- [Exercise details]: Please return, with no alterations, the lines below from the very first through the one that contains "Man behind a".

- [Raw data]:
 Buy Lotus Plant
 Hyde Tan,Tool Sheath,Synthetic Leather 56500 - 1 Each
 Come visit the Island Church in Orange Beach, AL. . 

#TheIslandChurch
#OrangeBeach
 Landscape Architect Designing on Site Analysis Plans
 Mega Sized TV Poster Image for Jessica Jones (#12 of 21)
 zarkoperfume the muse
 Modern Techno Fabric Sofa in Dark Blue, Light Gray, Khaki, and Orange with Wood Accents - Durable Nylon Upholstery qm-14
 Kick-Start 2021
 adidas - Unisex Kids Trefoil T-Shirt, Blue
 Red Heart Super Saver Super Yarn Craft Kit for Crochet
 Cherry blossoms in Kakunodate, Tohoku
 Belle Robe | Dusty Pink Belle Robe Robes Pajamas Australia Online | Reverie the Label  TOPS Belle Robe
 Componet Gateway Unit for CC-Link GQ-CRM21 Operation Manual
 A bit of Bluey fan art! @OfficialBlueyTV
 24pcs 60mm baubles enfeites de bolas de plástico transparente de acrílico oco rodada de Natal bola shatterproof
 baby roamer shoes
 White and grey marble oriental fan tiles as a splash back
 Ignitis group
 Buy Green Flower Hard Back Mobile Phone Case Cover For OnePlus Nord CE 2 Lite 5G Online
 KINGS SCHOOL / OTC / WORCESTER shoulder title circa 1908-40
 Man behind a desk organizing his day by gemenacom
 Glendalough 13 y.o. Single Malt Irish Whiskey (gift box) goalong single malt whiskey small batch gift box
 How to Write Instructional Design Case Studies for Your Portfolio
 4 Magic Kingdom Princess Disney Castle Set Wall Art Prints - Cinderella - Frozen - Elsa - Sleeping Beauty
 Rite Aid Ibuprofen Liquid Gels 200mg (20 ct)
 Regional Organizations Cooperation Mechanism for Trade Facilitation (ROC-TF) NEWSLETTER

- [Solved problem]:
 Buy Lotus Plant
 Hyde Tan,Tool Sheath,Synthetic Leather 56500 - 1 Each
 Come visit the Island Church in Orange Beach, AL. . 

#TheIslandChurch
#OrangeBeach
 Landscape Architect Designing on Site Analysis Plans
 Mega Sized TV Poster Image for Jessica Jones (#12 of 21)
 zarkoperfume the muse
 Modern Techno Fabric Sofa in Dark Blue, Light Gray, Khaki, and Orange with Wood Accents - Durable Nylon Upholstery qm-14
 Kick-Start 2021
 adidas - Unisex Kids Trefoil T-Shirt, Blue
 Red Heart Super Saver Super Yarn Craft Kit for Crochet
 Cherry blossoms in Kakunodate, Tohoku
 Belle Robe | Dusty Pink Belle Robe Robes Pajamas Australia Online | Reverie the Label  TOPS Belle Robe
 Componet Gateway Unit for CC-Link GQ-CRM21 Operation Manual
 A bit of Bluey fan art! @OfficialBlueyTV
 24pcs 60mm baubles enfeites de bolas de plástico transparente de acrílico oco rodada de Natal bola shatterproof
 baby roamer shoes
 White and grey marble oriental fan tiles as a splash back
 Ignitis group
 Buy Green Flower Hard Back Mobile Phone Case Cover For OnePlus Nord CE 2 Lite 5G Online
 KINGS SCHOOL / OTC / WORCESTER shoulder title circa 1908-40
 Man behind a desk organizing his day by gemenacom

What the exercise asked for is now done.